In fact it was the return of the 5th Labour government in 1999 that created a breathing space for the unions to recover and begin to rebuild. After 9 years the unions have recovered some of their former strength and have begun to tackle the difficult job of recruiting members who have never heard of unions or are in jobs that have never been unionised. The Employment Relations Act is designed to embed Labour’s class collaborationist 'partnership' policy and it cannot provide any real protection for workers. Yet National has promised to reform it and weaken those provisions that have allowed the unions to rebuild in the 2000s.
Therefore when some of the sectarian left say that a massive attack on workers is needed to revive and strengthen the unions, this is an insult to workers. On the historical evidence National will smother the weak child in its cot. The re-election of Labour facing this crisis will at least give the reviving union movement an even chance of surviving and consolidating its strength. A tactical vote for Labour facing this crisis gives workers more time and space to rebuild their forces and fight for an independent working class party.

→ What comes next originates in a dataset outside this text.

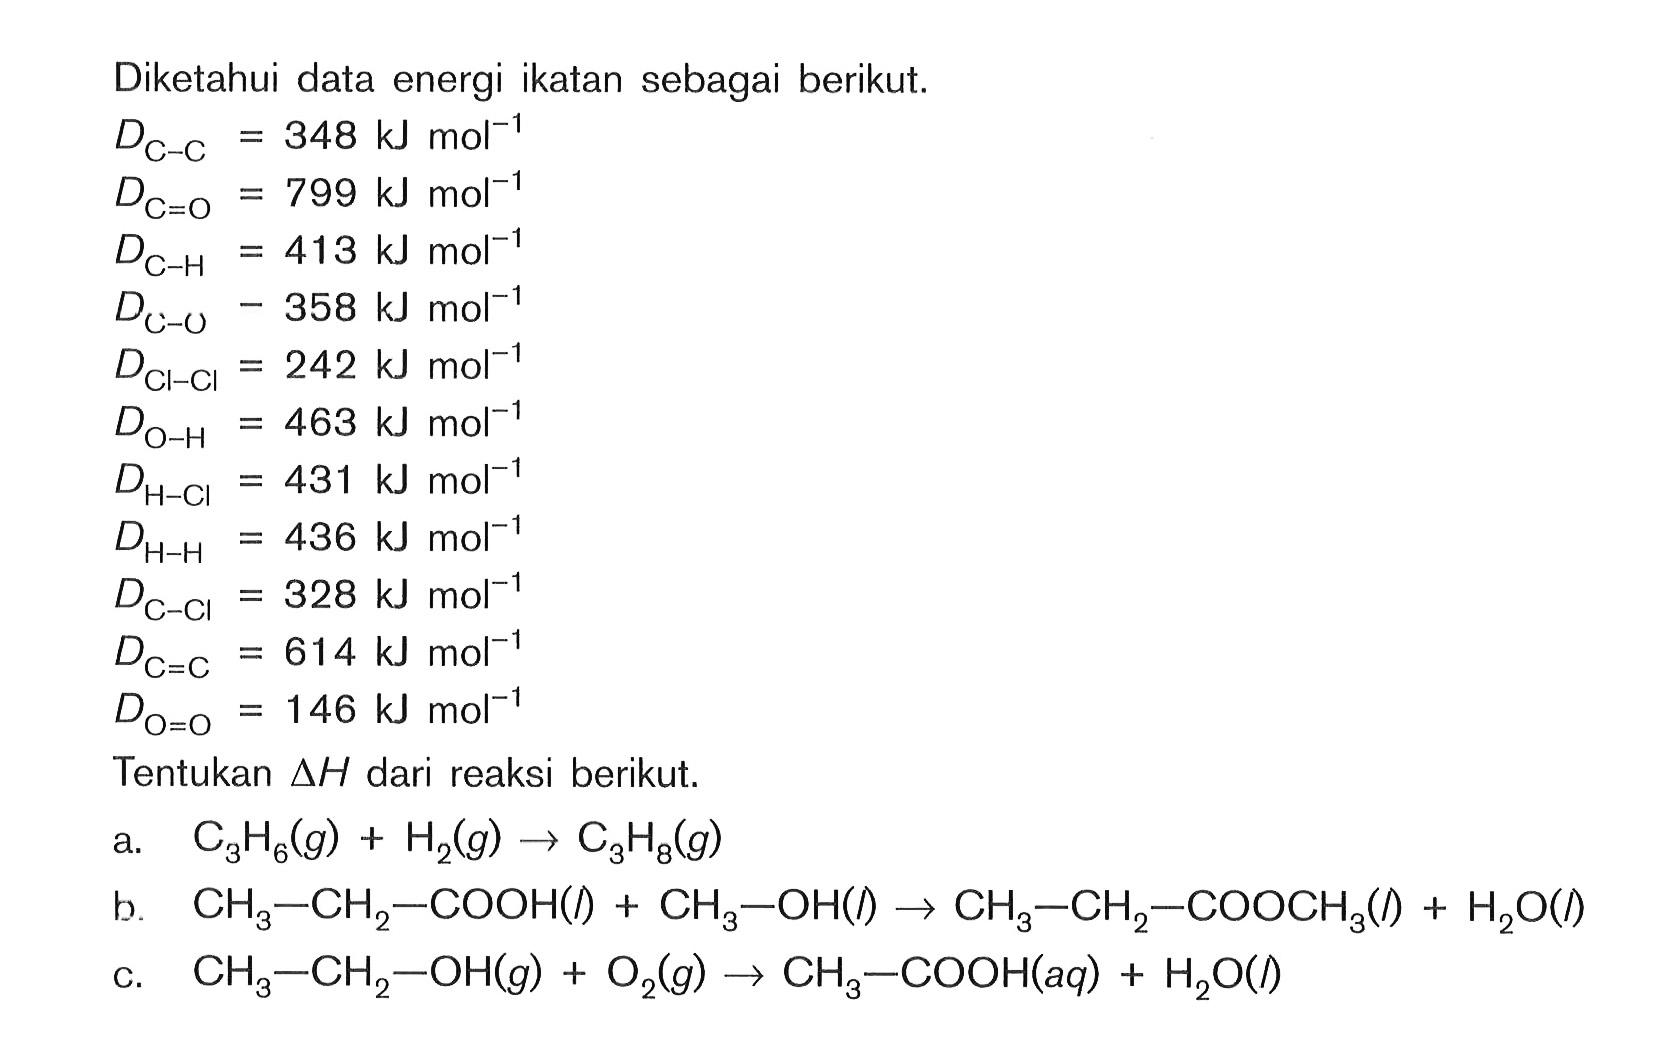 Diketahui data energi ikatan sebagai berikut. DC=C = 348 kJmol^-1 DC-O = 799 kJmol^-1 DC-H = 413 kJmol^-1 DC=O = 358 kJmol^-1 DCl-Cl = 242 kJmol^-1 DO-H = 463 kJmol^-1 DH-Cl = 431 kJmol^-1 DH-H = 436 kJmol^-1 DC-Cl = 328 kJmol^-1 DC=C = 614 kJmol^-1 DO=O = 146 kJmol^-1 Tentukan deltaH dari reaksi berikut. a. C3H6(g) + H2(g) -> C3H8(g) b. CH3-CH3-COOH(l) + CH3 - OH(l) -> CH3 - CH2 - COOCH3(l) + H2O(l) c. CH3-CH2-OH(g) +O2(g) -> CH3 - COOH(aq) + H2O(l)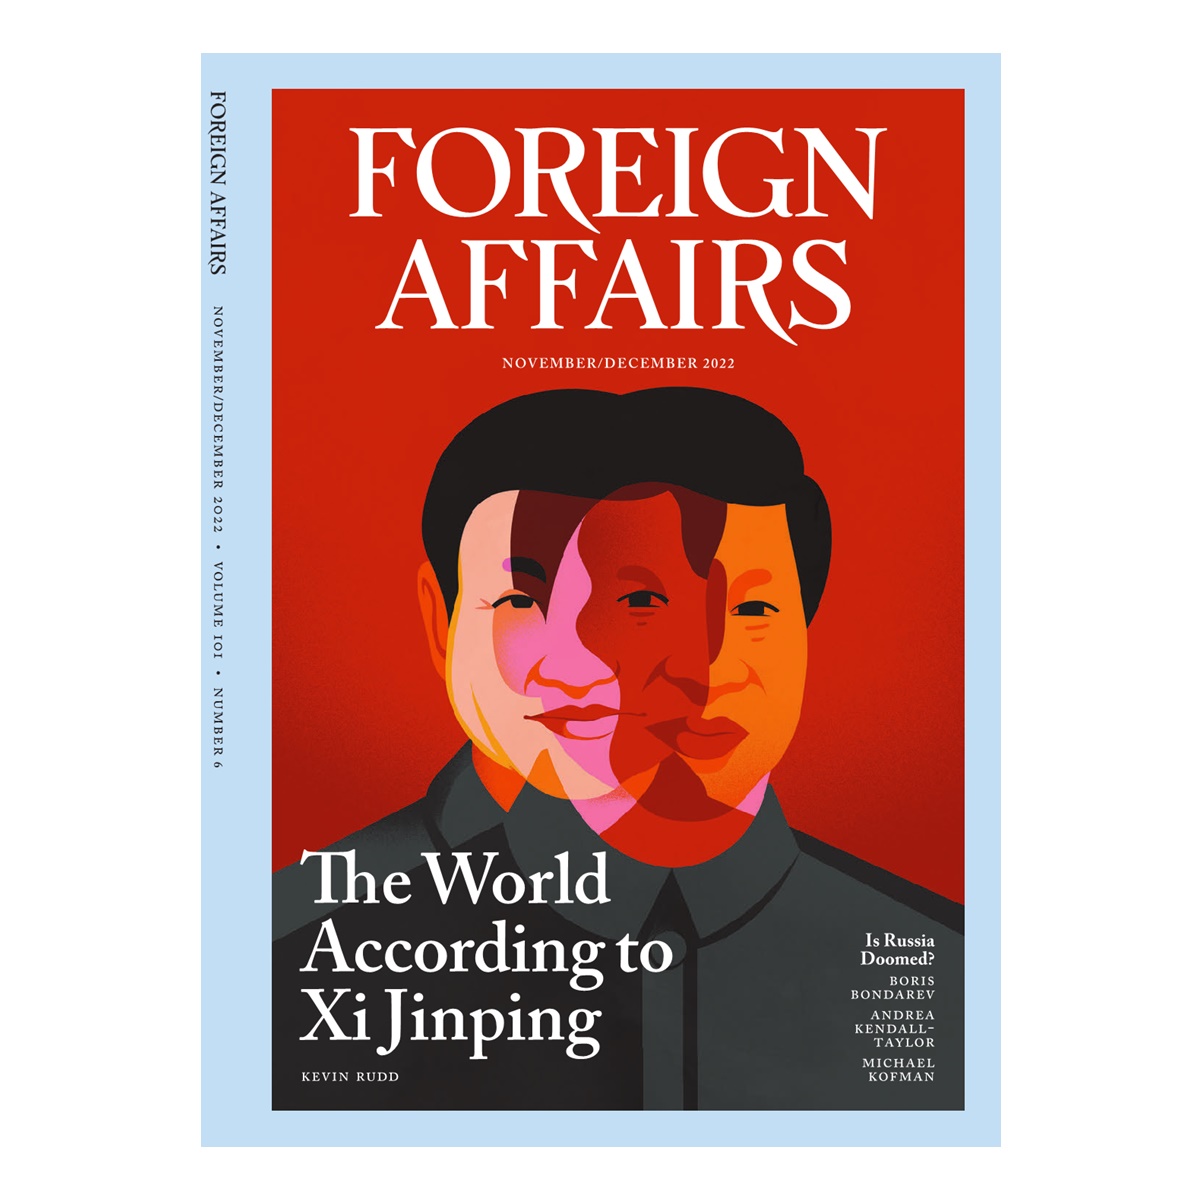 foreign affairs magazine pdf 2022 free download

- Vote for Labour candidates in every electorate.
A vote for any other candidate may defeat the Labour candidate even where Labour has had strong majorities in the past. For example the total vote of Green, Alliance, Progressive, Maori Party, RAM and Workers Party candidates may lead to the defeat of Labour in a number of electorates and lead to its defeat. A vote for Maori Party candidates may not only defeat Labour candidates in the Maori seats but give National an ally to form an openly anti-worker government.
- Vote Party vote Labour to give Labour the largest number of list members.
The Greens will probably have enough support outside the labour movement to get over the 5%. Therefore workers in the organised labour movement should give their party vote to Labour and not the Greens. Remember that the Greens can only play a role in support of Labour if Labour is returned. The Greens will not be able to stop National unless the party commits to Labour.